WHAT YOU NEED TO DO → In the data below, one line contains "cyberpunk edgerunners poster" and a later one contains "SAT, Ministerialprotokoller, klokkerbøker". Print both, with every line between them, exactly and alone.
==== SUPPLIED RECORDS
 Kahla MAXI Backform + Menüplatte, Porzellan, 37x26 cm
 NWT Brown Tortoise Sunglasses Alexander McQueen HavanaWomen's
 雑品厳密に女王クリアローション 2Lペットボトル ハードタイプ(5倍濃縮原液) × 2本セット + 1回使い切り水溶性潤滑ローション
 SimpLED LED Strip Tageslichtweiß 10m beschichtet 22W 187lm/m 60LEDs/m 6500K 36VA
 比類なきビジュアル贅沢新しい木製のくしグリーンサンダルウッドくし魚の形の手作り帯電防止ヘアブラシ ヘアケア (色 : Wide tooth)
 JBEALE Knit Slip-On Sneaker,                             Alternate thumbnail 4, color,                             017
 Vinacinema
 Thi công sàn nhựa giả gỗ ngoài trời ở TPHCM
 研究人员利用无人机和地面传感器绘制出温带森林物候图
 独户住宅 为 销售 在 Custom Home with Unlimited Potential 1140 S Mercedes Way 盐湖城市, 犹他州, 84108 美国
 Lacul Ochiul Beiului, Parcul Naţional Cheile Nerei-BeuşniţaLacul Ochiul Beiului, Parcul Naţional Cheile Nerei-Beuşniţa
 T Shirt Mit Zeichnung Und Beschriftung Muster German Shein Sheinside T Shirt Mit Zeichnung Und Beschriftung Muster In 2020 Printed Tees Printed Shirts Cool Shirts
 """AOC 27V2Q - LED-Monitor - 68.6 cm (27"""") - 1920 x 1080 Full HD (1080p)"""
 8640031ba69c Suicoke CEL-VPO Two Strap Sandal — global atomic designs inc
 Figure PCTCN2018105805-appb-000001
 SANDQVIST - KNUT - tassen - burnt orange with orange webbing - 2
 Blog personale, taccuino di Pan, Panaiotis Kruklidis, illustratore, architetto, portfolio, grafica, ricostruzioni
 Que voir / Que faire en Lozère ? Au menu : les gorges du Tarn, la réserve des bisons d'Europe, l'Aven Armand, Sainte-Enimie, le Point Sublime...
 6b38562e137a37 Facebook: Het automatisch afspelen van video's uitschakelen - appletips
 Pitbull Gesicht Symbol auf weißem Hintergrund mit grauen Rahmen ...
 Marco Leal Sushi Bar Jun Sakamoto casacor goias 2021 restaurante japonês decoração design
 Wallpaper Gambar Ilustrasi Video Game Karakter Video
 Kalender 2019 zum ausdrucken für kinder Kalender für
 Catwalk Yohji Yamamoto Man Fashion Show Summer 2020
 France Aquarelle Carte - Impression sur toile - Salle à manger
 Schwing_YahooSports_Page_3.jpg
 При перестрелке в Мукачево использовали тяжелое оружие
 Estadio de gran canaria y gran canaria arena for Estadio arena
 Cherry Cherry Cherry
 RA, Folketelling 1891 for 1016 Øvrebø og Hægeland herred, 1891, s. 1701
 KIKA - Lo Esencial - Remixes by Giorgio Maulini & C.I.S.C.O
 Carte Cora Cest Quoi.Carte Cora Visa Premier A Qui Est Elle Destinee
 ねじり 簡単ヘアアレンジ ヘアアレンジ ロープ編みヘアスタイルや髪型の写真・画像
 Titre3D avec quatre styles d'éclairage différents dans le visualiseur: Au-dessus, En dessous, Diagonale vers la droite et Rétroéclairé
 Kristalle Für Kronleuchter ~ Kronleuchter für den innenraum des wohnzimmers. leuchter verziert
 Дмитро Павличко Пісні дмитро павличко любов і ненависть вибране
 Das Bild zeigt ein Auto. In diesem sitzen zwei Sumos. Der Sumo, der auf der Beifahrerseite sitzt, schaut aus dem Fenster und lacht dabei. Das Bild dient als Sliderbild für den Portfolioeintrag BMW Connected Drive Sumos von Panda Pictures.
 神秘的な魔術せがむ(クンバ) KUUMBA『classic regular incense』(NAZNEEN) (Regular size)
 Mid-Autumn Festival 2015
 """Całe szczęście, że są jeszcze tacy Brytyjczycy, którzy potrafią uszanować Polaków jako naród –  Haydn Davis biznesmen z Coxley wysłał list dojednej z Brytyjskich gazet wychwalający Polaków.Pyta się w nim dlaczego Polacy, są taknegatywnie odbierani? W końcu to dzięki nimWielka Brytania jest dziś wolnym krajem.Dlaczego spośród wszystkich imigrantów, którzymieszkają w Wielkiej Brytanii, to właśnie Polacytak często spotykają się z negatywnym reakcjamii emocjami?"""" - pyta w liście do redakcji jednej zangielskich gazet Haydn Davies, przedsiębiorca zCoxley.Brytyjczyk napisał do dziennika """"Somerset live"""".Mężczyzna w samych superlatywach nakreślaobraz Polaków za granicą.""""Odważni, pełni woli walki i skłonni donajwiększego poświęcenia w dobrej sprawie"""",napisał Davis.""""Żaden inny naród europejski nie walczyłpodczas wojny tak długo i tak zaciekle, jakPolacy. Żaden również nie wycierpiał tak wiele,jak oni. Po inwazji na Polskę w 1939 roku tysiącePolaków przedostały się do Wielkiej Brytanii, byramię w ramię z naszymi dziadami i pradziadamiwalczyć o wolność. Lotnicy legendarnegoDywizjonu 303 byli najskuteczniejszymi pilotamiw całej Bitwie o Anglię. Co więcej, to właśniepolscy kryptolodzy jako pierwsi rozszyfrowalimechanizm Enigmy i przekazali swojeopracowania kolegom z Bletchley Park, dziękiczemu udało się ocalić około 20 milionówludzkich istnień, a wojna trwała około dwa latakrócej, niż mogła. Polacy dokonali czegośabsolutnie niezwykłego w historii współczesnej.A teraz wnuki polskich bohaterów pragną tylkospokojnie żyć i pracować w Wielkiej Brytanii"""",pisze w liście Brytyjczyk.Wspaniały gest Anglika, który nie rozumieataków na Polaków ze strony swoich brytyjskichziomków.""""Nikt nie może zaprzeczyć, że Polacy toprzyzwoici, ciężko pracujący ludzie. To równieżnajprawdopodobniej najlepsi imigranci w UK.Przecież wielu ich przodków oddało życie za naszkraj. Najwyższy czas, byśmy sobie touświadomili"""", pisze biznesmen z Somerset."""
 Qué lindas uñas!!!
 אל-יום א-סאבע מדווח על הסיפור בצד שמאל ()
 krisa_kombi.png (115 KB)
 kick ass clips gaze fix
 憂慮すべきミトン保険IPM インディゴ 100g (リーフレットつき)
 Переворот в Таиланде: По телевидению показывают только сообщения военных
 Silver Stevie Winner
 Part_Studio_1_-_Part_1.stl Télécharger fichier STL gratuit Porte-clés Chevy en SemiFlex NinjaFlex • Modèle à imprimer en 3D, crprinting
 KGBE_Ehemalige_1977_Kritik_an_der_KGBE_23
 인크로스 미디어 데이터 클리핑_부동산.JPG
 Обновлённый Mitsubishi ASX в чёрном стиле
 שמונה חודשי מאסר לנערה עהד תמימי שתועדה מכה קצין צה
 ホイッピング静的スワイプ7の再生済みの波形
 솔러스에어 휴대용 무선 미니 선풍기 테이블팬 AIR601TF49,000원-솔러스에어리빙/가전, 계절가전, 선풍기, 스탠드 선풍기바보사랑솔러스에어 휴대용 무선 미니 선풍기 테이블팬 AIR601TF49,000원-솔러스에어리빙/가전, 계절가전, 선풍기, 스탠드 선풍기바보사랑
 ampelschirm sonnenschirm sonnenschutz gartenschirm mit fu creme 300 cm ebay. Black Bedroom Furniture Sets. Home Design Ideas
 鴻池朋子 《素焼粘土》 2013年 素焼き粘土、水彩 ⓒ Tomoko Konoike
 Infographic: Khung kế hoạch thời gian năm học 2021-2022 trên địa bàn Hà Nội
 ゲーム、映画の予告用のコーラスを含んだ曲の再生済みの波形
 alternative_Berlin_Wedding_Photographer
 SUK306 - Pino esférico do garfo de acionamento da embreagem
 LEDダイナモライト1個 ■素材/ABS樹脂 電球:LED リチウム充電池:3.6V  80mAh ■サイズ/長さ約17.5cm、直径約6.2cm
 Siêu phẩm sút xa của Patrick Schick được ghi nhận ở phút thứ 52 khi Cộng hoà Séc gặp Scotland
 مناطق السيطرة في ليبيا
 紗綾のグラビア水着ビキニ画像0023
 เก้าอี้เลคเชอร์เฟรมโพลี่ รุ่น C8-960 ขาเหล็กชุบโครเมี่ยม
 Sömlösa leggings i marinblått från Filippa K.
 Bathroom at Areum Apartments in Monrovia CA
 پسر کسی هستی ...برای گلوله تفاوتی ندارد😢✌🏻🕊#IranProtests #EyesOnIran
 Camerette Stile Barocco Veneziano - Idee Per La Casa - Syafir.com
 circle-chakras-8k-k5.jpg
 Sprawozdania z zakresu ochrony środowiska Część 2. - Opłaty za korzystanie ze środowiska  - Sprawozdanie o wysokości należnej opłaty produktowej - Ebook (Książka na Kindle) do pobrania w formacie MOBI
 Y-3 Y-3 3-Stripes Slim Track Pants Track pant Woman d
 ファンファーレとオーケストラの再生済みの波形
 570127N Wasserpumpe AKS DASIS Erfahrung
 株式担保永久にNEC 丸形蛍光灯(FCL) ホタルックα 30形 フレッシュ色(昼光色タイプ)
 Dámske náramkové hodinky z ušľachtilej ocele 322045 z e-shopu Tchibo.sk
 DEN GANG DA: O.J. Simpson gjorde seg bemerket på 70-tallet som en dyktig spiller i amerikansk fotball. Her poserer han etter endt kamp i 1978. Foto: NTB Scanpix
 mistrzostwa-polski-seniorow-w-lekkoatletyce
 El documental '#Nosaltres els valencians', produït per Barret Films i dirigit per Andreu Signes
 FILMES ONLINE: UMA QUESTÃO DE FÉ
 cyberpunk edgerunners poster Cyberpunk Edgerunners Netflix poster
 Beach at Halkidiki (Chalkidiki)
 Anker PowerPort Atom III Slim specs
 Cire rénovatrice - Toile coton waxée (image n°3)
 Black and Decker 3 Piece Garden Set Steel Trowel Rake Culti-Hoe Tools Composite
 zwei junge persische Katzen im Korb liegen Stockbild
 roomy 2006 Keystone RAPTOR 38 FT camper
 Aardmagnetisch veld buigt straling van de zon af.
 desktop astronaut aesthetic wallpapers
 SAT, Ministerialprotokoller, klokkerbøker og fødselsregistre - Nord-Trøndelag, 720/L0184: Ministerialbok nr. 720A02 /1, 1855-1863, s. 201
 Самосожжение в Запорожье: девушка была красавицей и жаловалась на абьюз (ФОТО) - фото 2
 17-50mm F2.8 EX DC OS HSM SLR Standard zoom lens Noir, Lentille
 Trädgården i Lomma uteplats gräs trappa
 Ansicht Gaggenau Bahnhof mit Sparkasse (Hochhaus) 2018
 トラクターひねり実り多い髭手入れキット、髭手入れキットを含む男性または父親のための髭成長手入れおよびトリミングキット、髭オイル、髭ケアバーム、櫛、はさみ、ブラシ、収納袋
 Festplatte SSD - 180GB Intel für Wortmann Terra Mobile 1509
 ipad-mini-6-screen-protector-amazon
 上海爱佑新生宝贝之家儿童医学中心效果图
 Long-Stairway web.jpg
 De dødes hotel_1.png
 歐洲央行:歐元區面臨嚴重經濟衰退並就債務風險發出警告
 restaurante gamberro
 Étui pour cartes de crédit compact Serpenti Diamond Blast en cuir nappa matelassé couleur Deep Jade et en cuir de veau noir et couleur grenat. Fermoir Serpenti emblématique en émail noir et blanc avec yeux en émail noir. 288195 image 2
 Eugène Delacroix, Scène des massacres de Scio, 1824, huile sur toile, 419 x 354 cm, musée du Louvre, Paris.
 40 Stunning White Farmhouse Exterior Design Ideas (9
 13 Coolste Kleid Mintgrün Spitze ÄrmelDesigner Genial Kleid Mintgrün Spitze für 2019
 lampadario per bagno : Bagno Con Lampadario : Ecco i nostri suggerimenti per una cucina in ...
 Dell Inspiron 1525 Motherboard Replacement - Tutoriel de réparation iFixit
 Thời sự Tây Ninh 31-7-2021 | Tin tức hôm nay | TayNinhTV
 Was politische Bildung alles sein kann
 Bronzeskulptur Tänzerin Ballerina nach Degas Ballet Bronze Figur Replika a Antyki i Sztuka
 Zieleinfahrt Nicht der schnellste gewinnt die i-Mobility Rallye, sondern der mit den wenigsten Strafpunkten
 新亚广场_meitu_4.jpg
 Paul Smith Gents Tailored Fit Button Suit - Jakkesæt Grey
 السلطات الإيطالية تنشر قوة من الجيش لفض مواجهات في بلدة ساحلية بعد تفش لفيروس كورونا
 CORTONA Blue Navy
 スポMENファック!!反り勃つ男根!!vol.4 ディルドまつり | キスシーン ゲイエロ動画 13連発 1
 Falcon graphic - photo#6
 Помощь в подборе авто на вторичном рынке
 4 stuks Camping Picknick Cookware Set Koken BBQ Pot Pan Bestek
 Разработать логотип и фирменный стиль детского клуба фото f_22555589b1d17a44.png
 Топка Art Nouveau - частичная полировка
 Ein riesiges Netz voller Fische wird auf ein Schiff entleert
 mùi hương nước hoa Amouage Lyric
========
RESPONSE TO THIS EXERCISE →
 cyberpunk edgerunners poster Cyberpunk Edgerunners Netflix poster
 Beach at Halkidiki (Chalkidiki)
 Anker PowerPort Atom III Slim specs
 Cire rénovatrice - Toile coton waxée (image n°3)
 Black and Decker 3 Piece Garden Set Steel Trowel Rake Culti-Hoe Tools Composite
 zwei junge persische Katzen im Korb liegen Stockbild
 roomy 2006 Keystone RAPTOR 38 FT camper
 Aardmagnetisch veld buigt straling van de zon af.
 desktop astronaut aesthetic wallpapers
 SAT, Ministerialprotokoller, klokkerbøker og fødselsregistre - Nord-Trøndelag, 720/L0184: Ministerialbok nr. 720A02 /1, 1855-1863, s. 201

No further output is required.